– Но вы ведь полька, не так ли? – не унимался господин. – Вы так хорошо говорите по-польски!

– У меня матушка полька, – поправила его Амалия, – но я считаю себя русской.

– Э, не говорите, – живо возразил поляк. – В ком есть хоть капля польской крови, тот всегда останется поляком!

– Owszem[9], – согласилась Амалия. – Но кто родился русским, тот им и умрет, тут уж ничего не поделаешь.

Господин восторженно взмахнул рукой, едва не попав перстнем в нос Якову, который (разумеется, Яков, но если быть совсем точным, то все-таки Яков с носом) поспешно отпрянул.

– Что не мешает паненке быть настоящей польской красавицей, – любезно заключил попутчик.

Амалия от души забавлялась. Она и сама не заметила, как тяжесть, прежде давившая ей на сердце, мало-помалу рассеивалась под влиянием всего лишь ничего не значащего разговора с совершенно незнакомым человеком.

– Если вам угодно так считать…

– Я считаю! – вскричал польский джентльмен. – Да любой честный человек на моем месте сказал бы то же самое, клянусь!

Похоже, он разошелся не на шутку. Зато Яков мрачнел прямо на глазах.

– Держу пари, вы очень похожи на мать, – не унимался поляк. – И ваша мать – красавица.

– Пожалуй, – самую малость помедлив, подтвердила Амалия. Впрочем, было не совсем понятно, с чем она соглашается: то ли с тем, что Аделаида Станиславовна хороша собой, несмотря на годы, то ли с тем, что сама Амалия должна быть ее подобием, так что ответ получился несколько двусмысленным.
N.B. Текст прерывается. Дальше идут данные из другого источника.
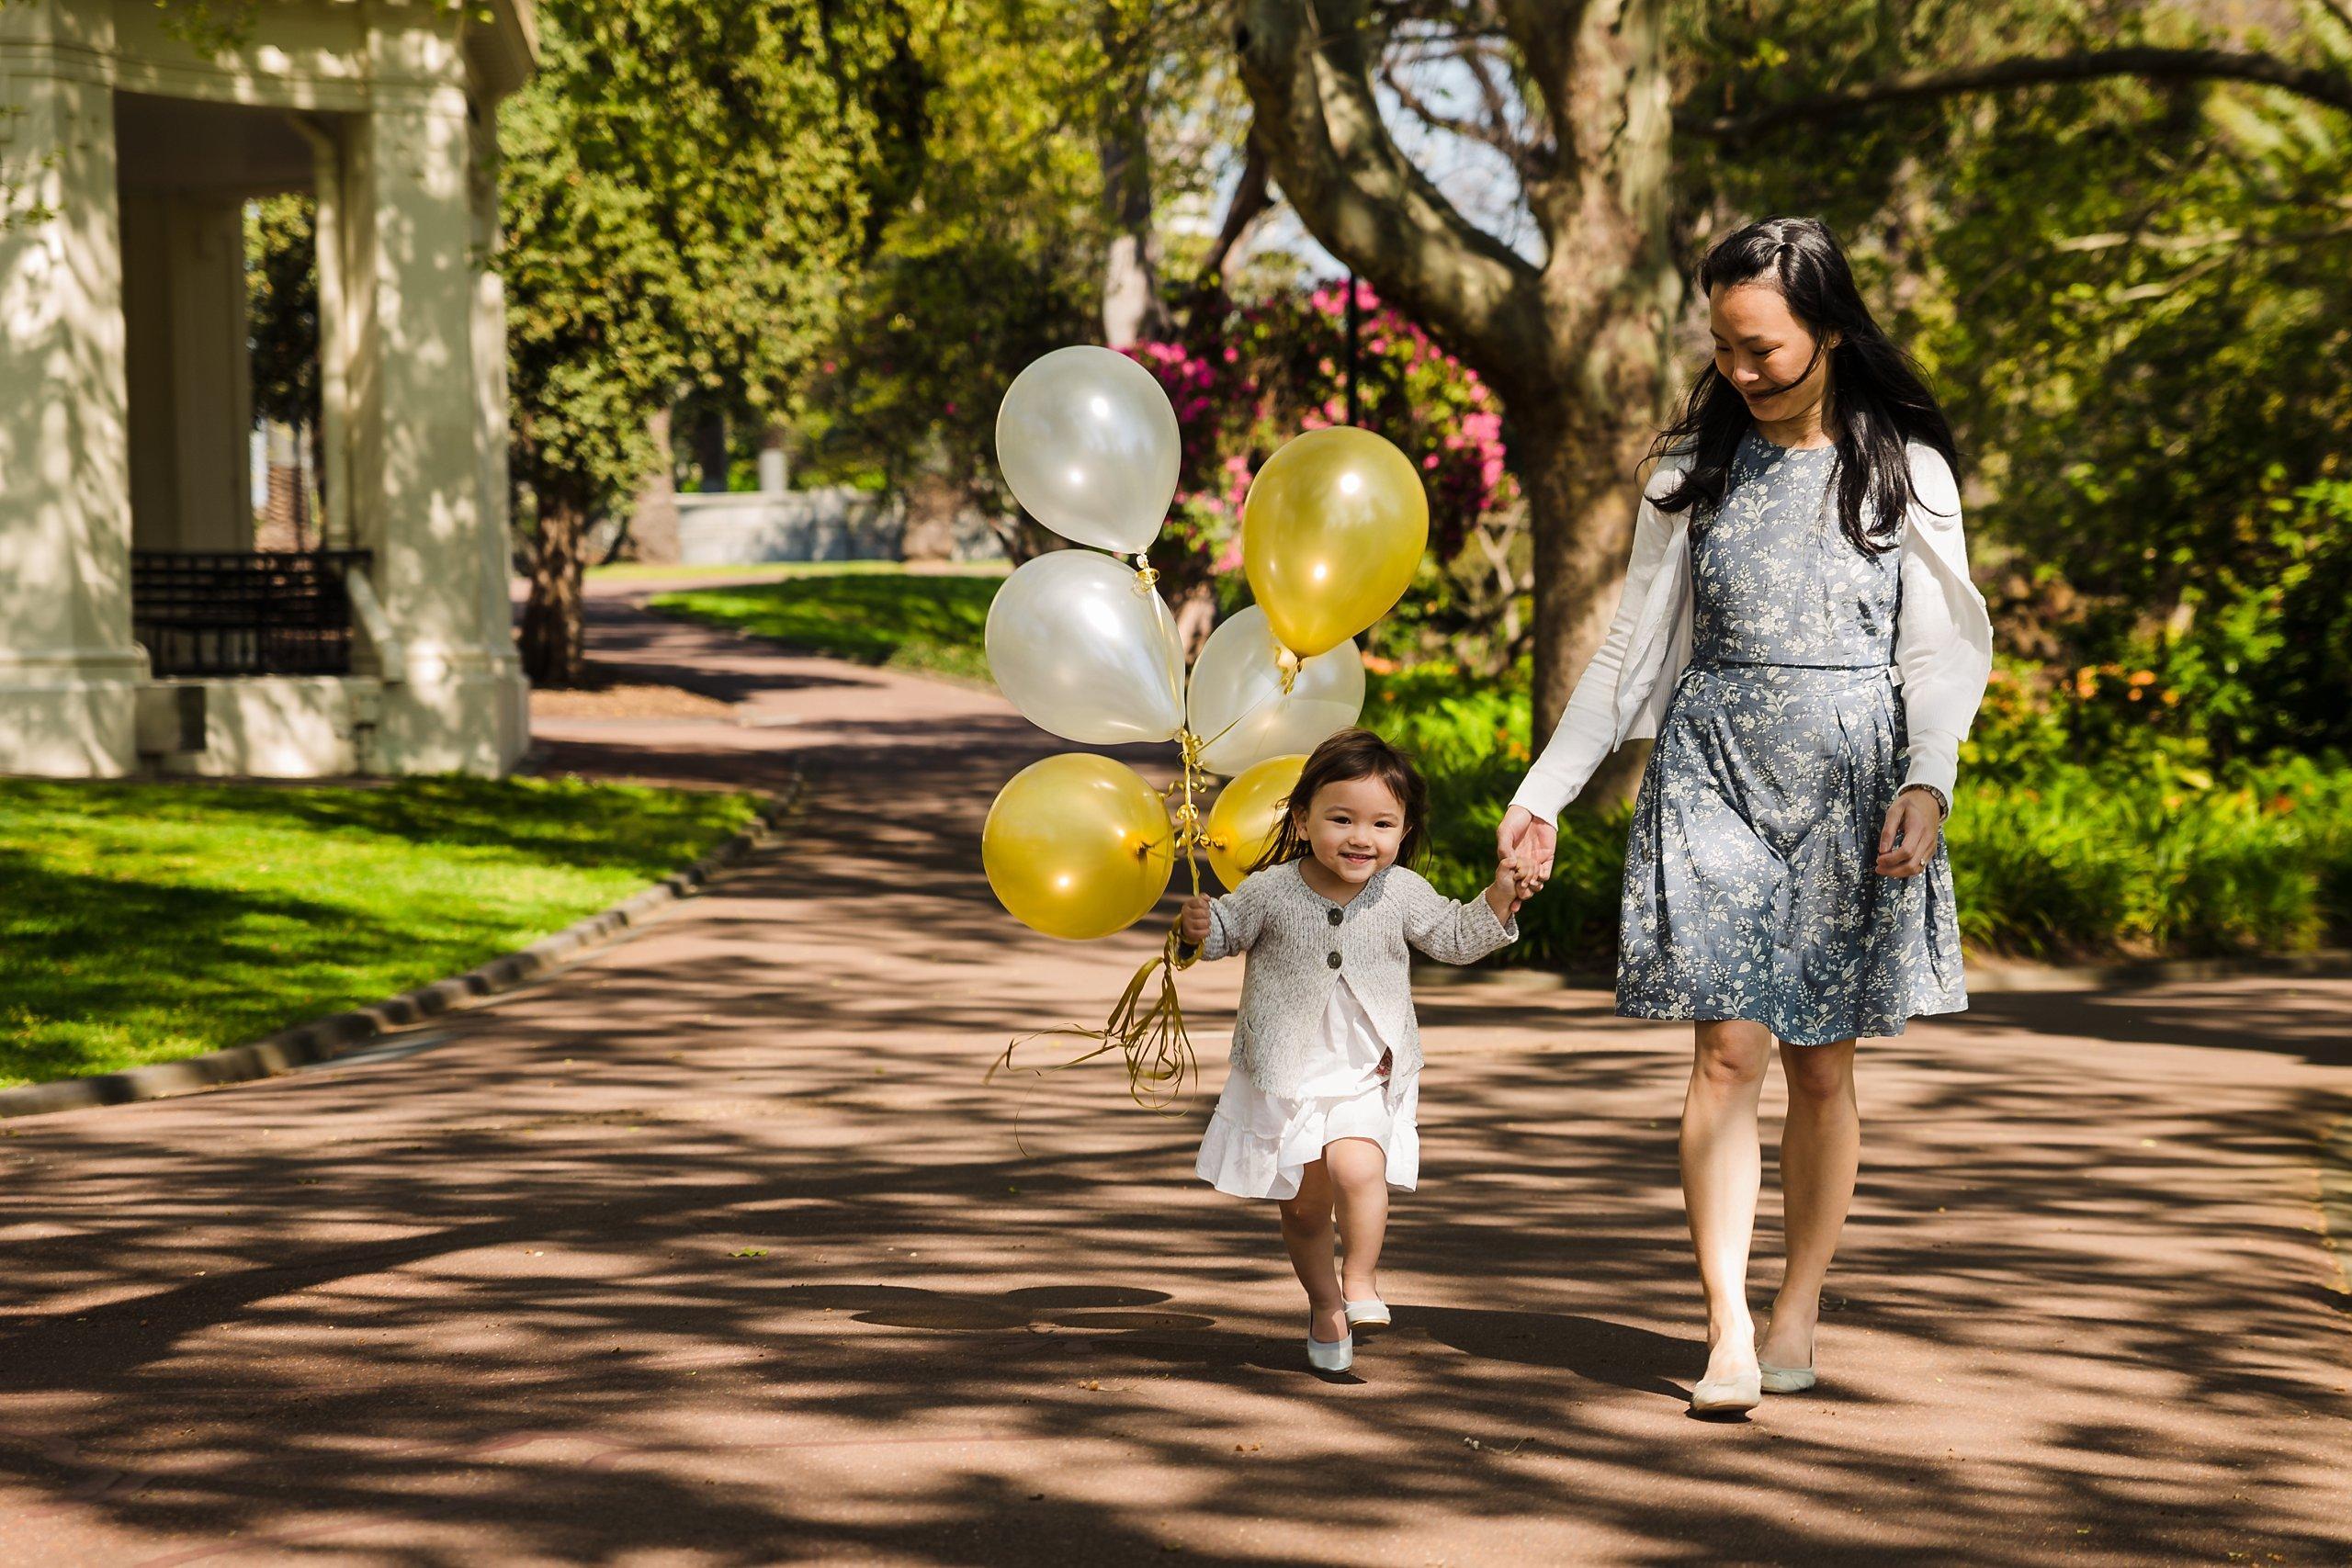 mother holding hands with her younge daughter with yellow and white ballons walking in queen victoria gardens

– Вот видите! Я же говорил! – вскричал поляк, хлопая себя по коленке.

К большому облегчению для Амалии, которая не любила дискуссий на патриотические темы, разговор вернулся в мирное русло. Узнав, что до Франции она с отцом побывала в Италии, попутчик выказал неподдельный интерес.
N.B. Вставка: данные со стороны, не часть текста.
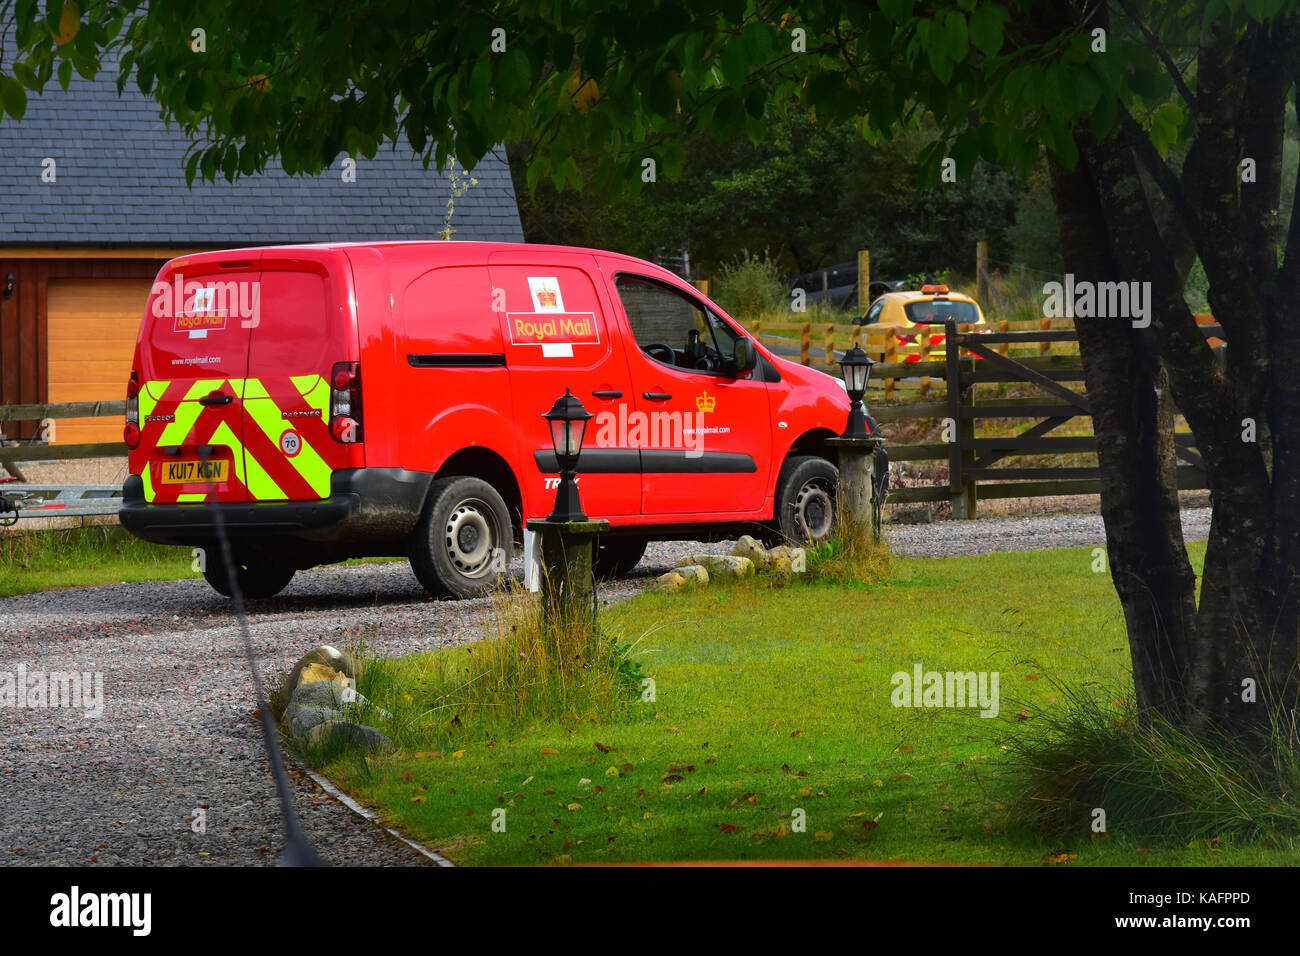 Royal Mail delivery post van in a rural setting Stock Photo Alamy

– Самое замечательное в Италии – маленькие города, – говорил он, и глаза его горели. – Римини, Фаэнца, Чезена, Форли, Имола! Рим слишком стар и набит всякой рухлядью. Венеция прекрасна, но она определенно не подходит для тех, кто, подобно мне, страдает морской болезнью. Правда, теперь, когда король собрал всю Италию под свое крыло, она уже никогда не будет такой, как прежде.[10]

Яков тосковал. Им пренебрегали, о нем забыли, да более того – его променяли на какого-то, прости господи, потрепанного жизнью ловкача. С ловкачом – при нем! – разговаривали на нечеловеческом, немыслимом, тарабарском наречии, и, хотя пакостник и позор рода человеческого вел себя покамест пристойно, всего остального с лихвой хватало, чтобы заставить страдать старого слугу, всегда склонного подозревать самое худшее. Его худое морщинистое лицо представляло собой совершенную маску незатухающей скорби. Амалия заметила это и послала Якову красноречивый укоризненный взгляд.

– А как же Флоренция? – спросила она поляка. – Вы забыли про Флоренцию.

Господин категорично махнул рукой.

– Во Флоренции слишком много всего, – заявил он. – Там задыхаешься. Понимаете? Слишком много. Co to jest?[11] – неожиданно спохватился пожилой пассажир, выглядывая в окно. – Ах да, следующая остановка моя. Прощайте, панна, и спасибо за то, что согласились разделить общество старика. – Он галантно поцеловал Амалии ручку. – Пусть Богородица исполнит все ваши желания.

Господин поднялся и с решительным видом заковылял к двери, припадая на правую ногу.

– Ну нахал! – возмущенно заявил Яков, когда неожиданный попутчик скрылся из глаз. – Каков нахал! Я надеюсь, он не осмелился приставать к вам, барышня?

Амалия закинула голову и расхохоталась. Смеялась она долго, но в смехе ее Якову почудилось нечто тревожное. Слишком уж он смахивал на истерику.